Work item
When you copy the data, keep every line exactly as written and skip the pictures.

Dataset extract
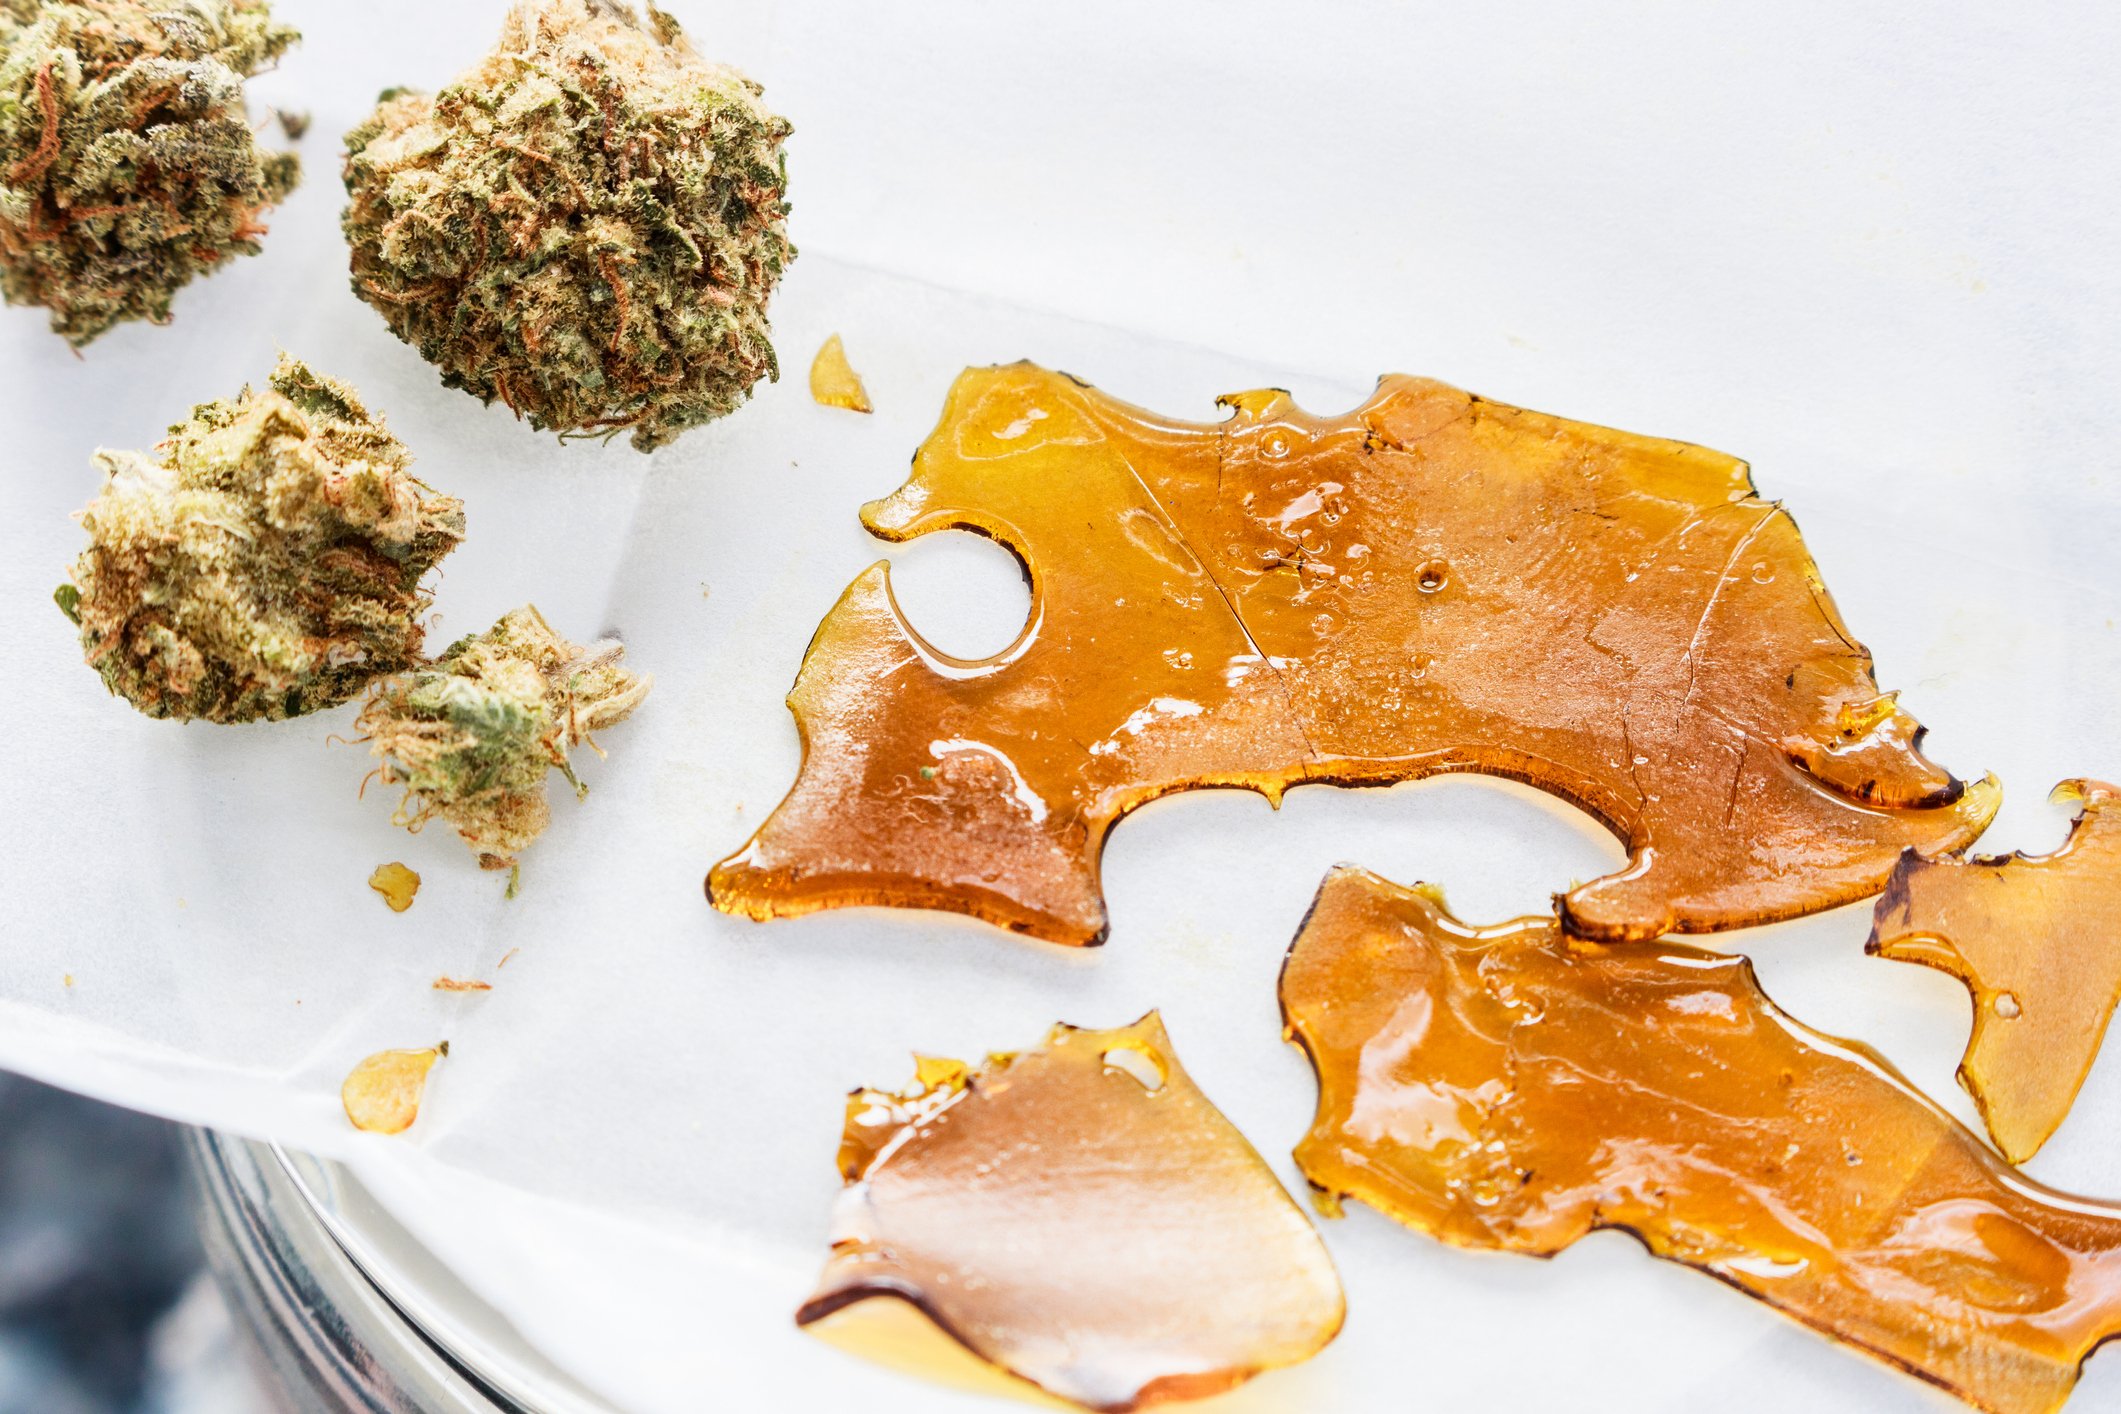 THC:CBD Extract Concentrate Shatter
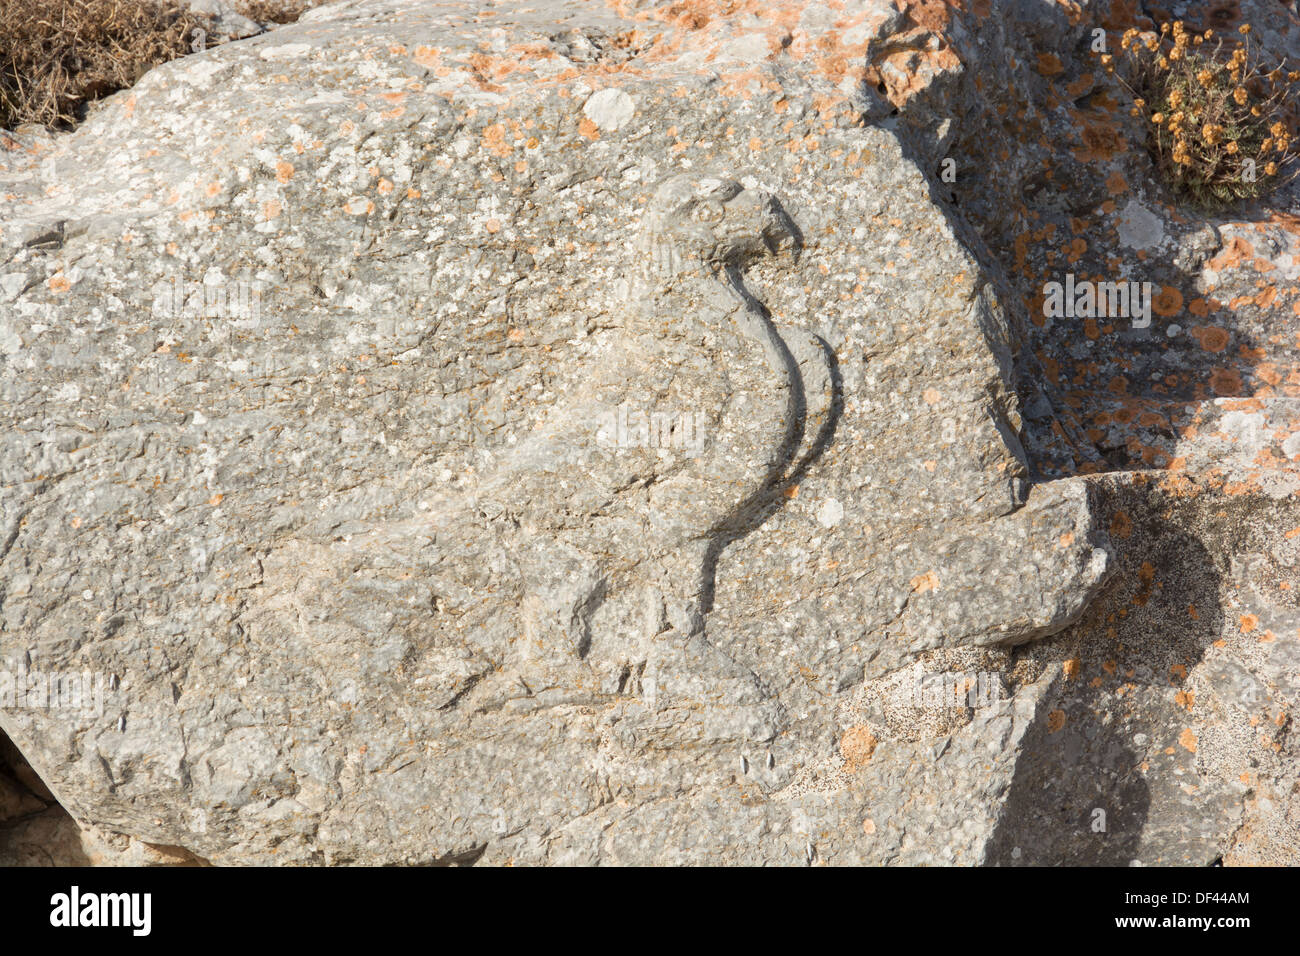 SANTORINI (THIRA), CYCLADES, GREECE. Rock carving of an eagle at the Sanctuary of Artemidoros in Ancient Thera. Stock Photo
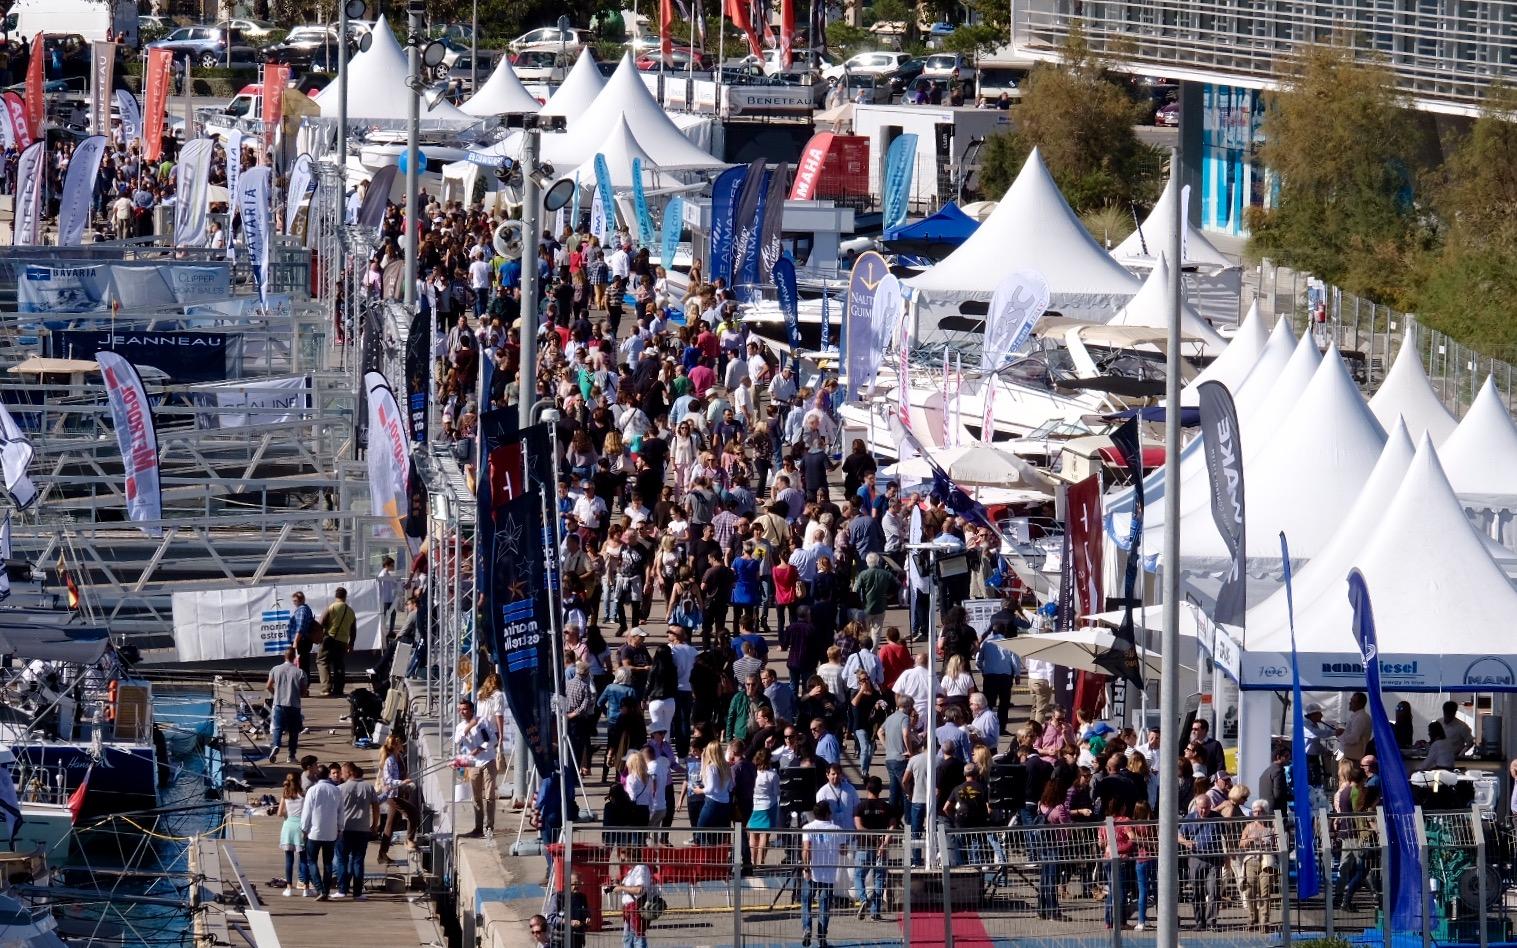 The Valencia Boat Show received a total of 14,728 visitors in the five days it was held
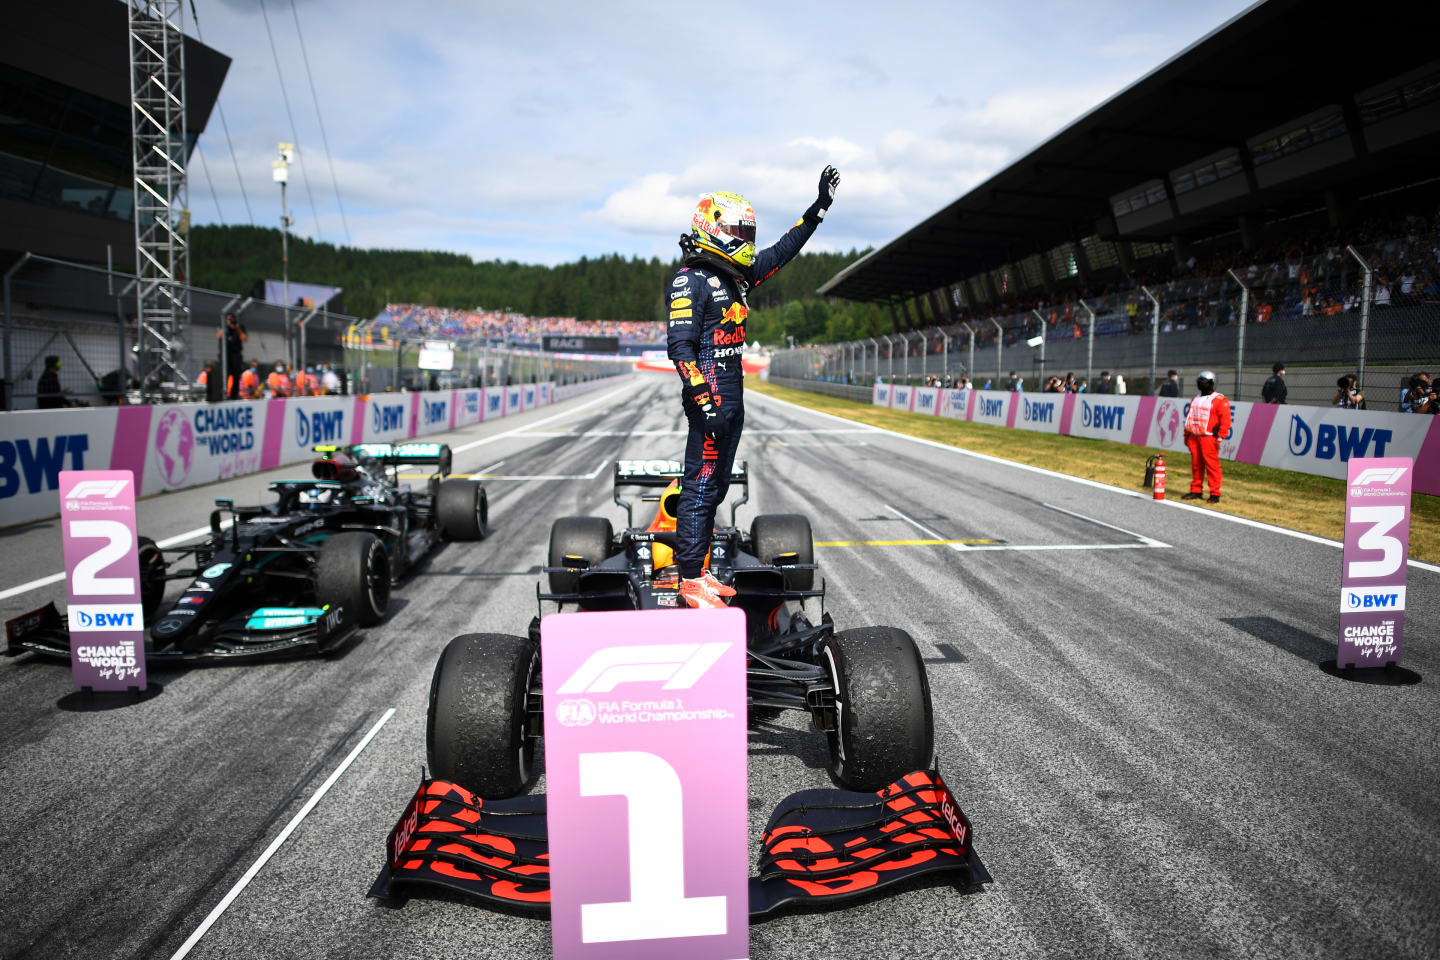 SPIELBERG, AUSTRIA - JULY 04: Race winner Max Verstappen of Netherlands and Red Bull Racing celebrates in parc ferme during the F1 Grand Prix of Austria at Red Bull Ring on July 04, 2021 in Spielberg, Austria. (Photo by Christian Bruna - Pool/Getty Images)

Result for this task
 THC:CBD Extract Concentrate Shatter
 SANTORINI (THIRA), CYCLADES, GREECE. Rock carving of an eagle at the Sanctuary of Artemidoros in Ancient Thera. Stock Photo
 The Valencia Boat Show received a total of 14,728 visitors in the five days it was held
 SPIELBERG, AUSTRIA - JULY 04: Race winner Max Verstappen of Netherlands and Red Bull Racing celebrates in parc ferme during the F1 Grand Prix of Austria at Red Bull Ring on July 04, 2021 in Spielberg, Austria. (Photo by Christian Bruna - Pool/Getty Images)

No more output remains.